■ Problem to solve
Copy out exactly the stretch below, from the line with "Simple A Line" through the line with "Teach Hustle Inspire - GHOST (t-shirt)", both included; the pictures stay out.

** Opening Exercise data block **

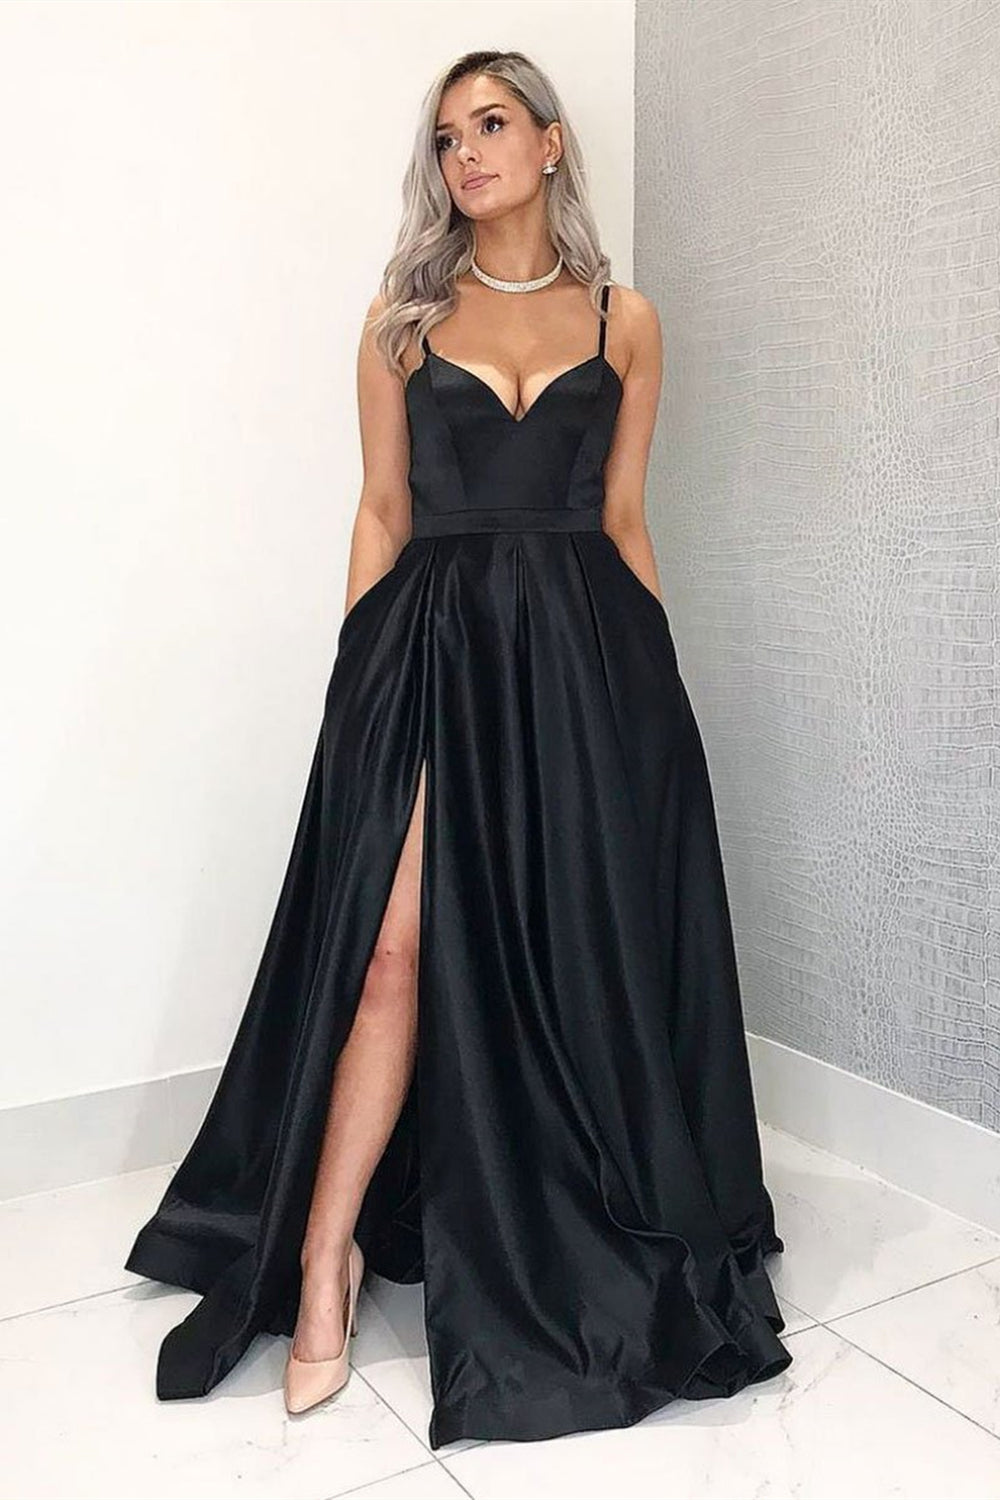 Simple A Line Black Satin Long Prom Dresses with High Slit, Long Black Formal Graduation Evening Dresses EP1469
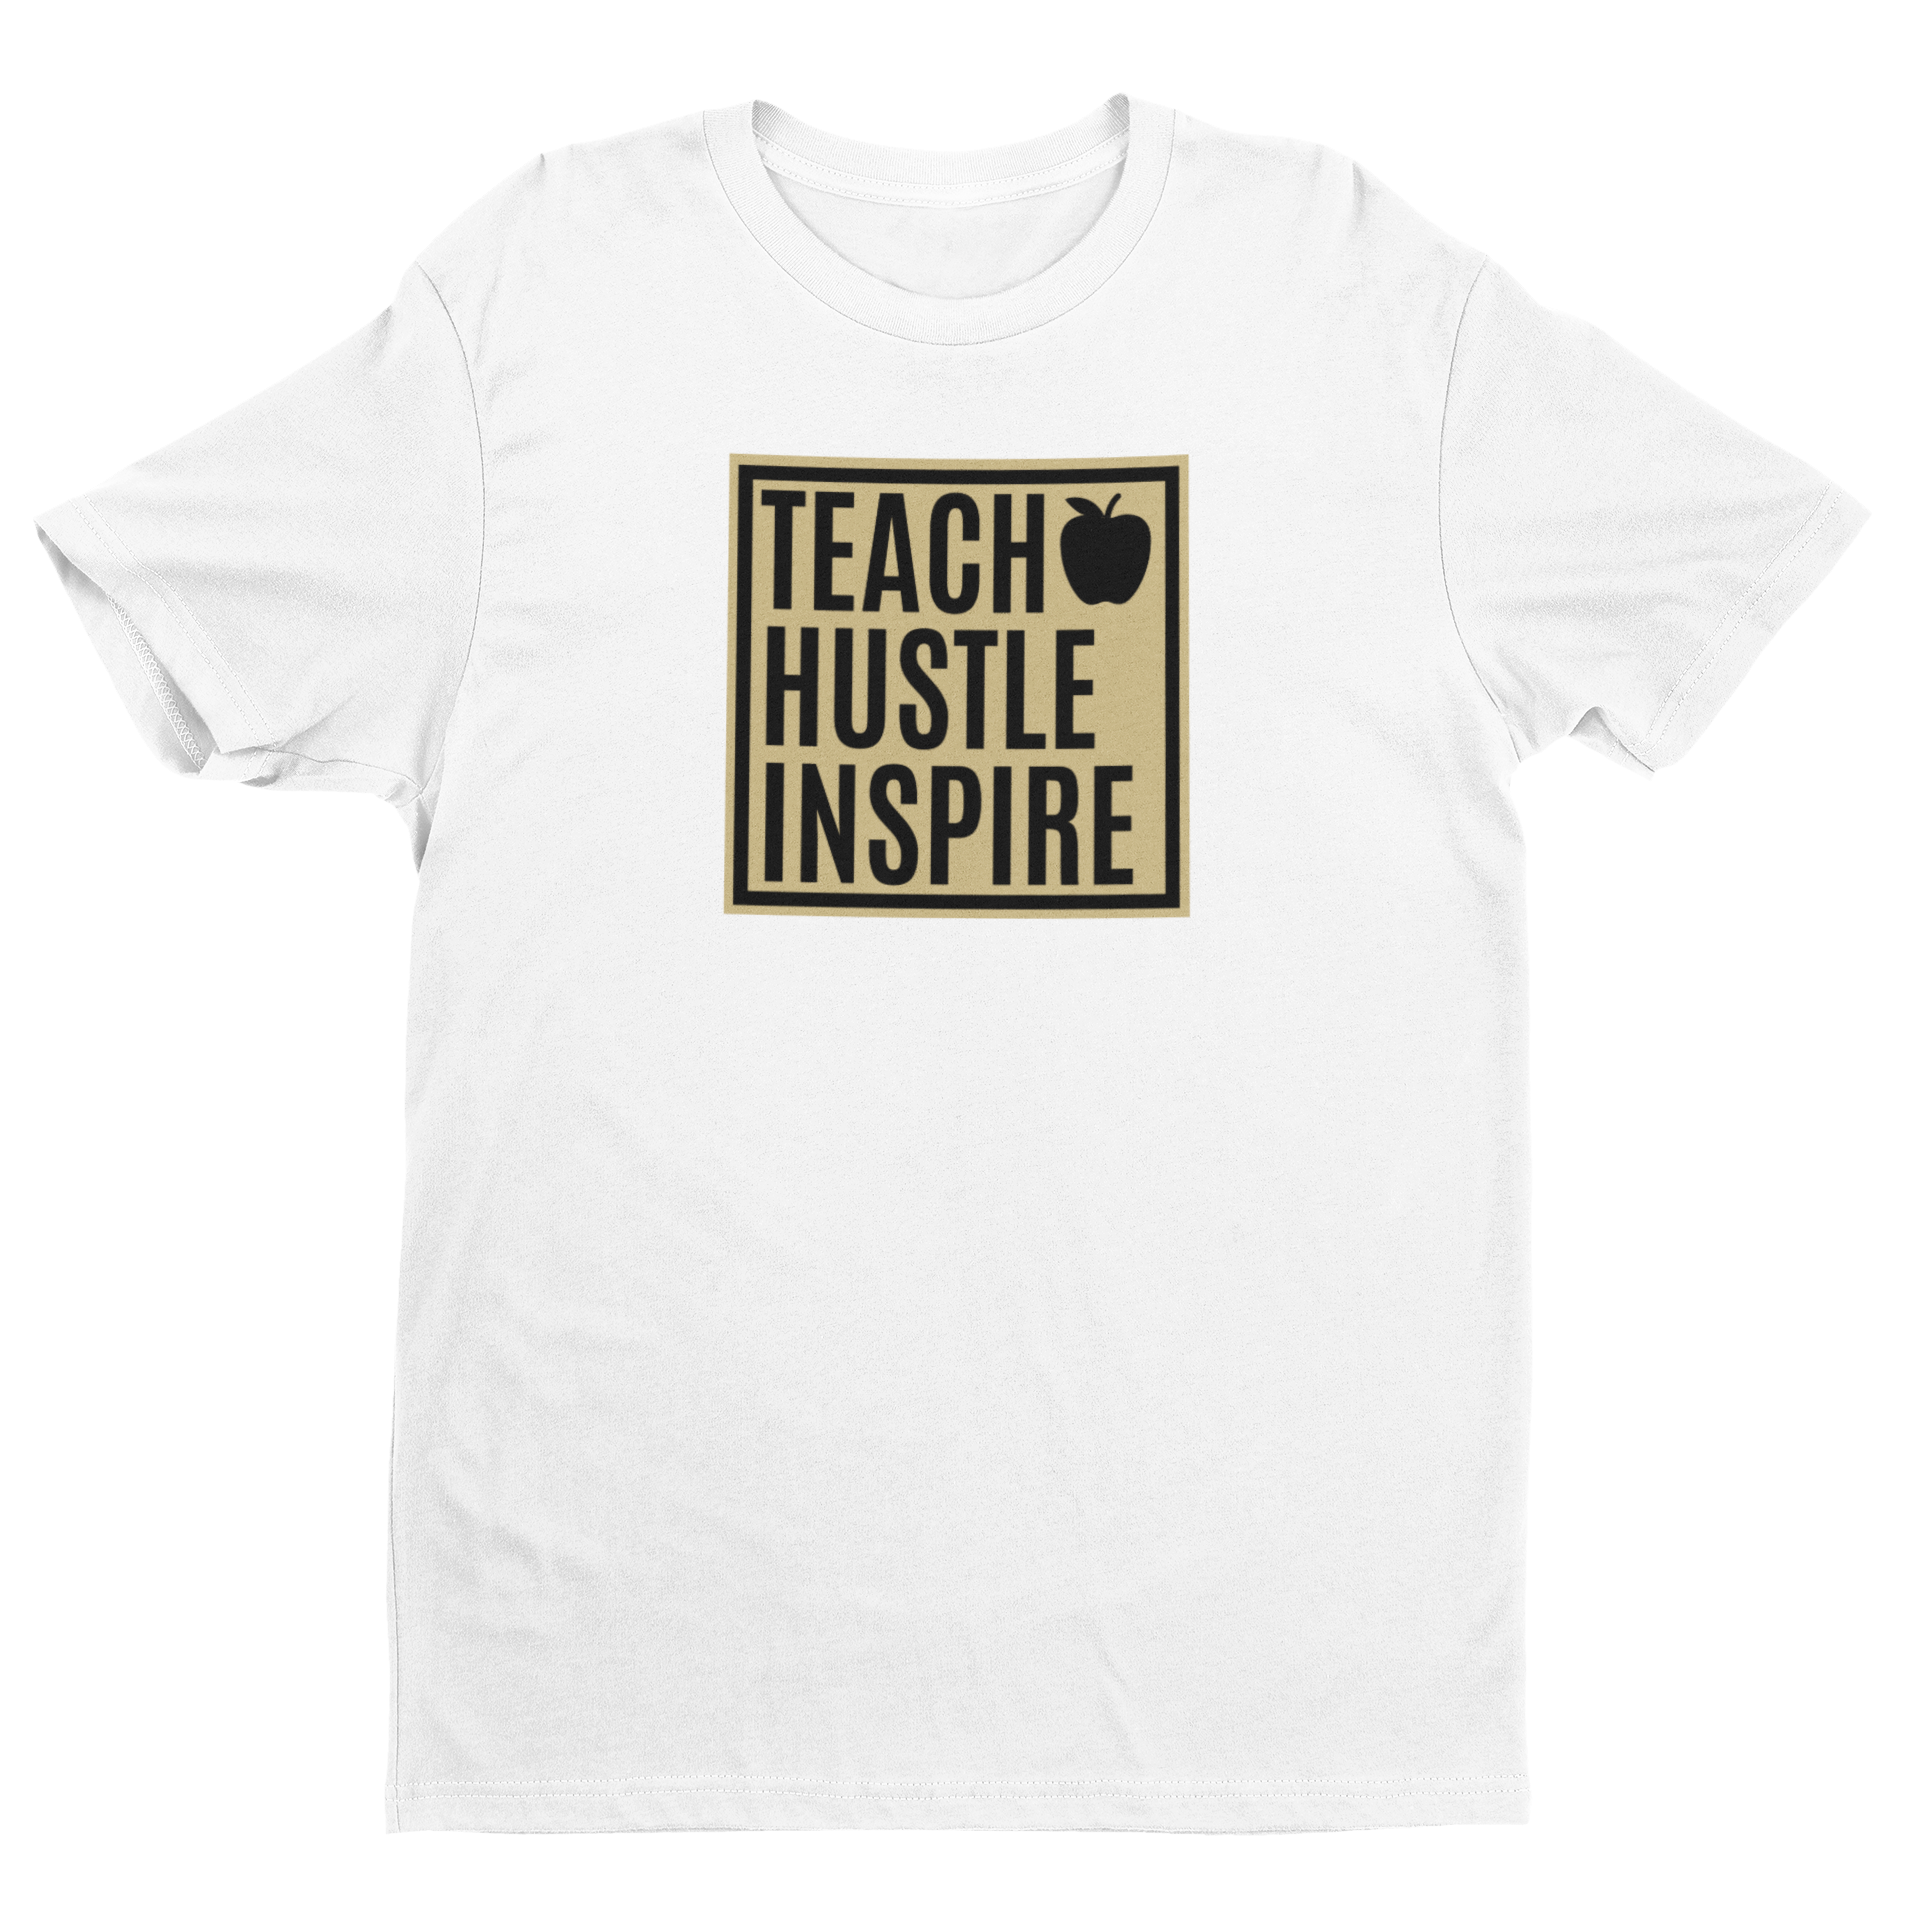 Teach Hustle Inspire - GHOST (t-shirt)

** Closing Exercise data block **
** Opening Exercise data block **

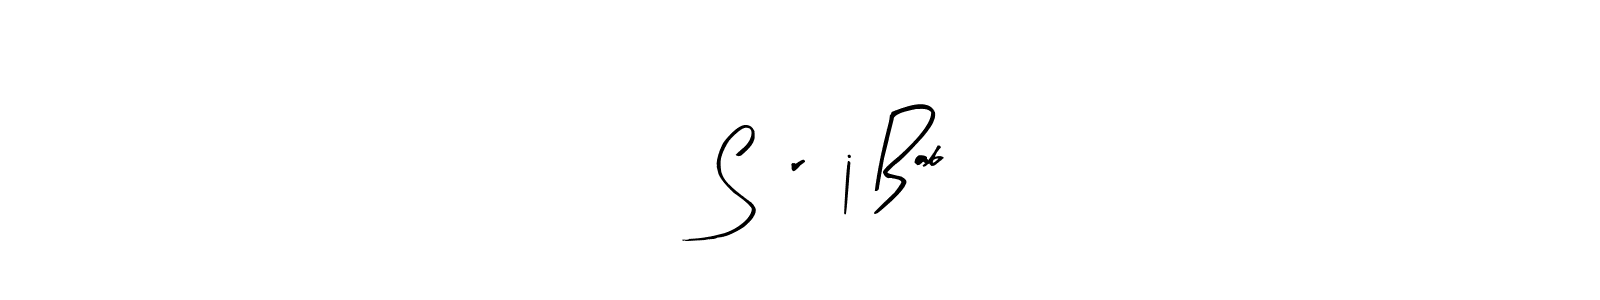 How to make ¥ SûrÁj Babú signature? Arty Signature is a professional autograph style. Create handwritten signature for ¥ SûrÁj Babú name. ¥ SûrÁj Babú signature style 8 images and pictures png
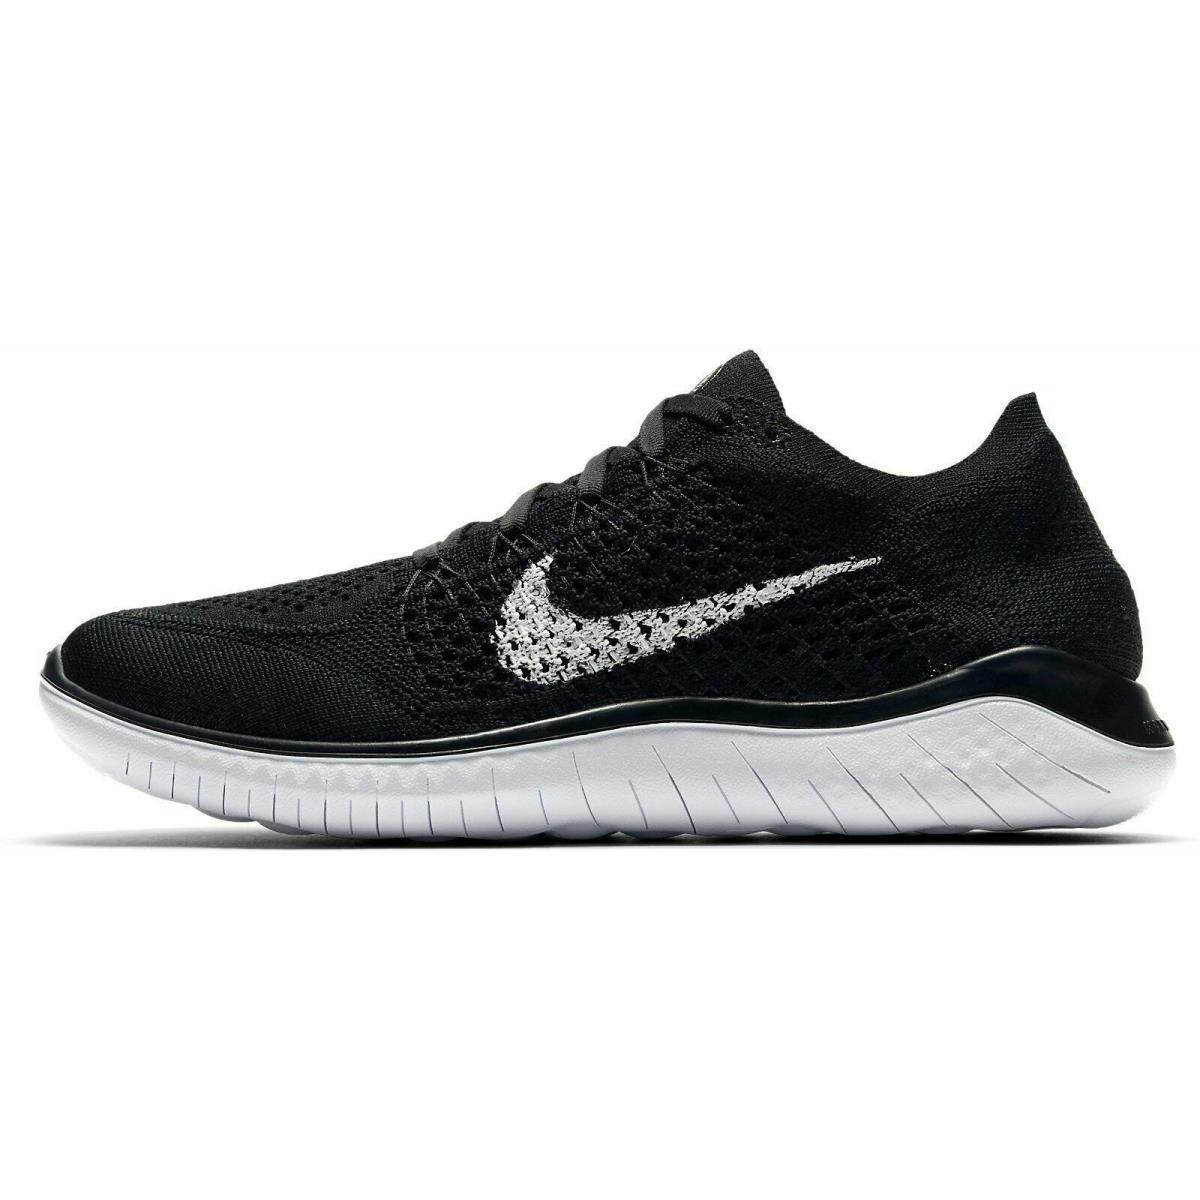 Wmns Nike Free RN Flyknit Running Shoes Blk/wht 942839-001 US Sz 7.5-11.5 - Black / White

** Closing Exercise data block **

■ Result
 Simple A Line Black Satin Long Prom Dresses with High Slit, Long Black Formal Graduation Evening Dresses EP1469
 Teach Hustle Inspire - GHOST (t-shirt)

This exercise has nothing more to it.